As well as climate change, marine ecosystems are also often threatened by a combination of destructive fishing, unsustainable tourism and development, and pollution impacts. This wide set of stressors on the ocean reduces its capacity for climate regulation, and so in turn reduces global resilience to climate change. Alongside tackling greenhouse gas emissions, it is therefore vital to tackle these others stressors on the ocean so that it has best chance of withstanding the ravages of climate breakdown.
FFI is working to address these threats through collaborations with local communities, governments and other stakeholders. Much of our marine work focuses on coastal and inshore areas, which aside from being vital for marine biodiversity, are also often important habitats for carbon sequestration, such as mangroves in Honduras, or seagrass beds in Myanmar. Marine protected areas that are well-designed and, crucially, well managed, are one way to prevent degradation of coastal ecosystems and ensure that these habitats continue acting as carbon sinks. They also aim to stem the decline of marine life and maintain livelihoods for people reliant on coastal resources.
No excuse for inaction
This report provides new information on the science behind the fundamental role of the ocean in regulating our planet's climate, so policy makers have no excuse not to take strong action. And action is critical, because to date, climate agreements have under-recognized the value of the ocean. While plans to address the impacts of climate change on the ocean are being included under governments' greenhouse gas emissions reduction plans, there is little recognition of the role ocean ecosystems play as natural carbon sinks.
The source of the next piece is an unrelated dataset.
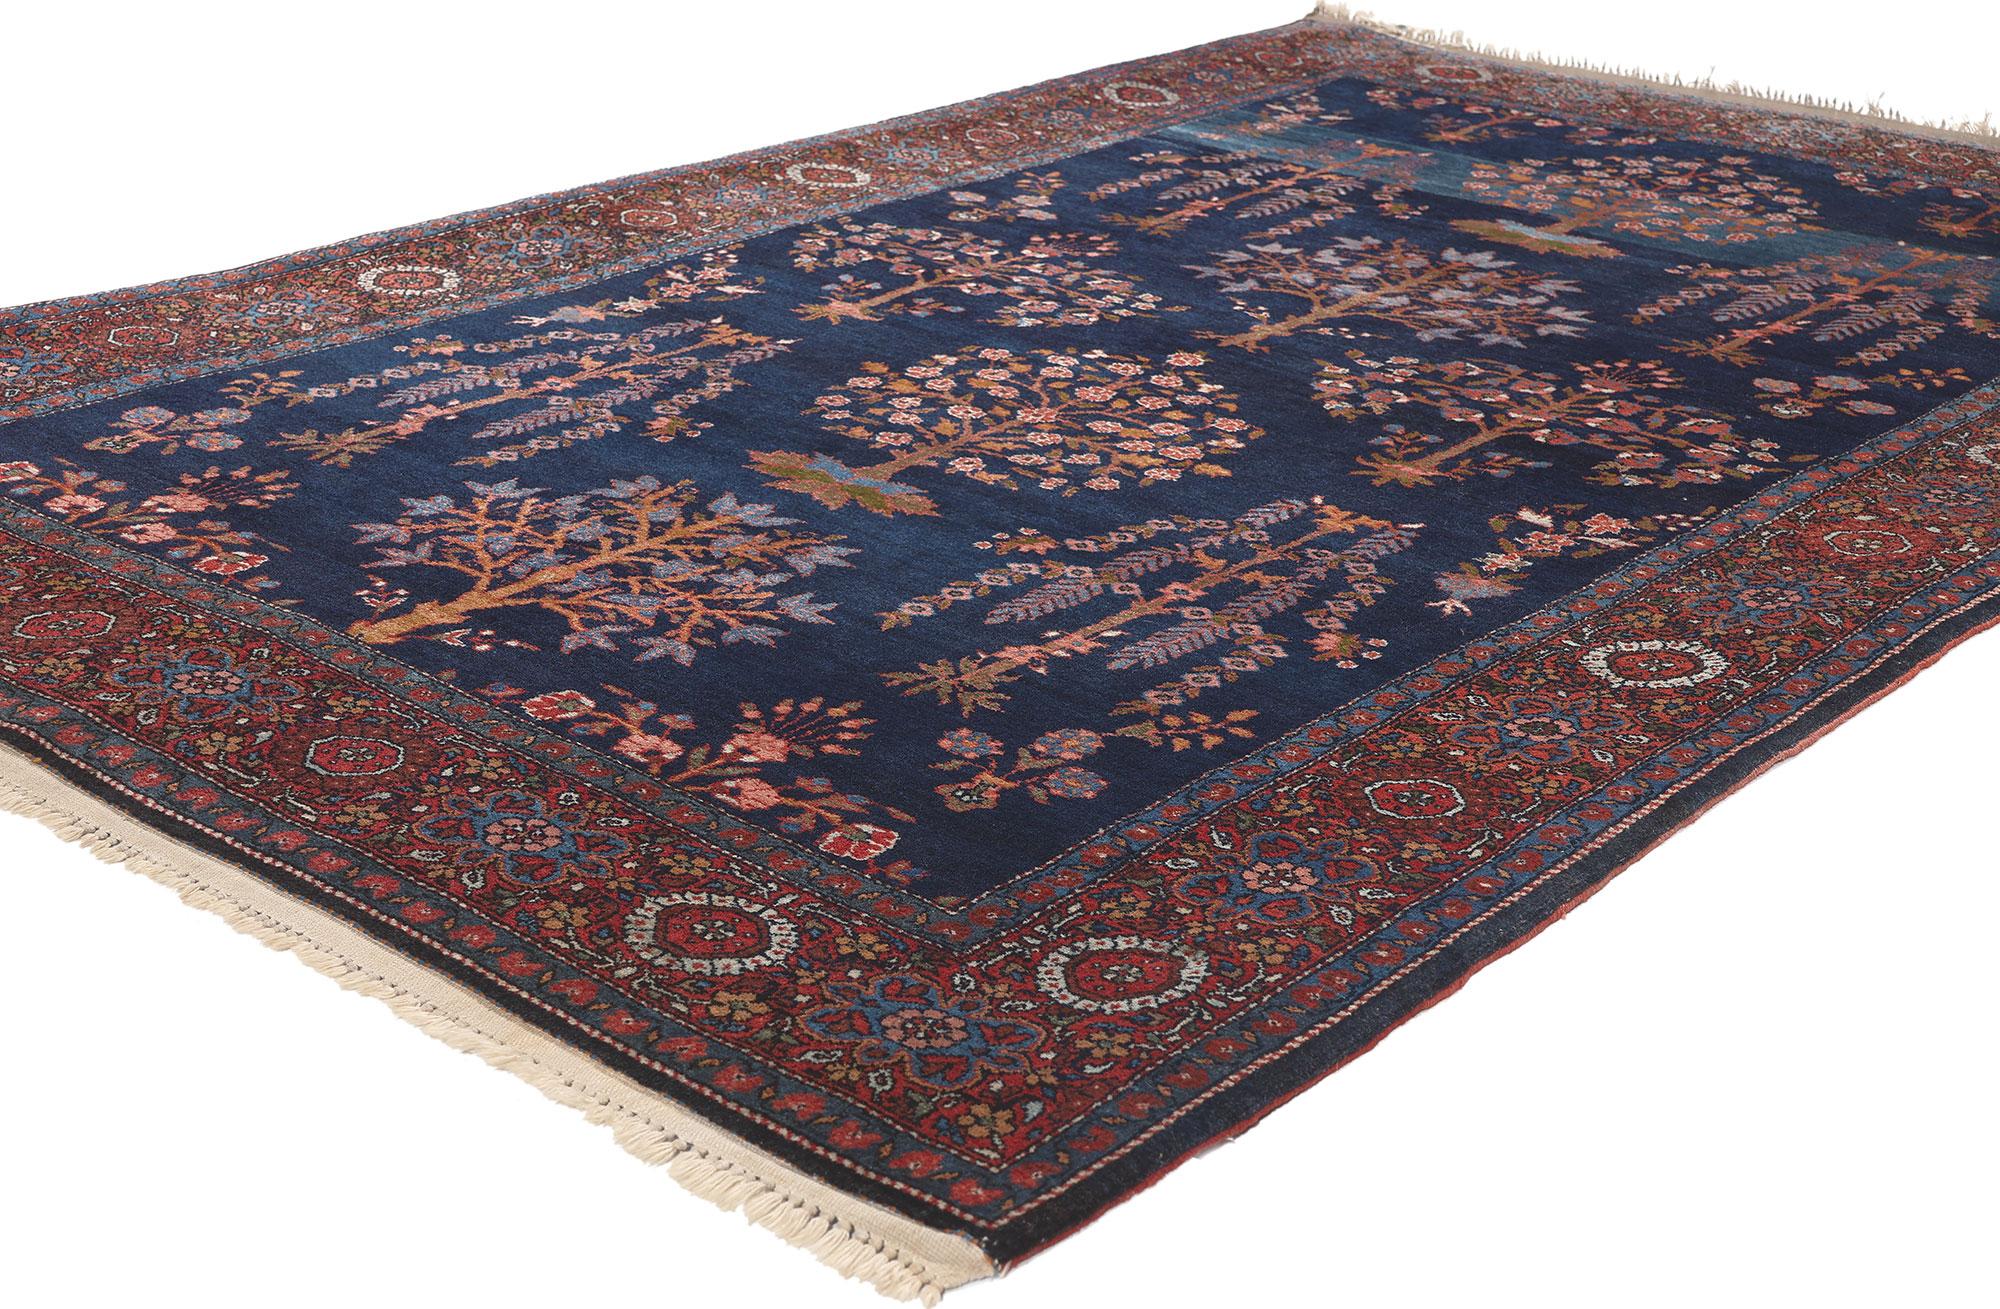 78561 Antique Persian Sarouk Farahan Rug, 04'00 x 06'05.
Emanating timeless appeal with incredible detail and lavish texture, this hand knotted wool antique Persian Sarouk Farahan rug is a captivating vision of woven beauty.  The decorative

There is therefore a need to better integrate the framework for biodiversity conservation, to be agreed next year under the Convention on Biological Diversity, with climate policy at all levels, to ensure that the potential of nature-based solutions to combat climate change is front-and-center of government thinking.
In this context, the international treaty currently being developed for the High Seas must be robust to protect biodiversity beyond national jurisdictions and ensure the vital climate regulatory functions of the open oceans are sustained. A moratorium on deep sea mining would protect ocean-stored carbon, some of which has been locked-up for thousands of years, as well as ecosystem functioning and marine biodiversity.
It is also clear that reducing the non-climatic stressors we place on the marine environment, although vital, will not be sufficient or detract from the central need, to curb greenhouse gas emissions. The IPCC has previously recommended transitions in multiple sectors to keep global average warming below 1.5°C—the only way to avoid ocean changes that "cannot be avoided, thresholds of abrupt change, and irreversibility," according to the report.
This year the major UN climate talks at COP25 are expected to champion ocean health, with host country Chile branding it the "Blue COP." We have a window of opportunity to take action and avert ocean catastrophe. There are solutions we can implement now, and we urge decision-makers to heed the IPCC's messages and deliver the actions we urgently need to protect our planet's life support system.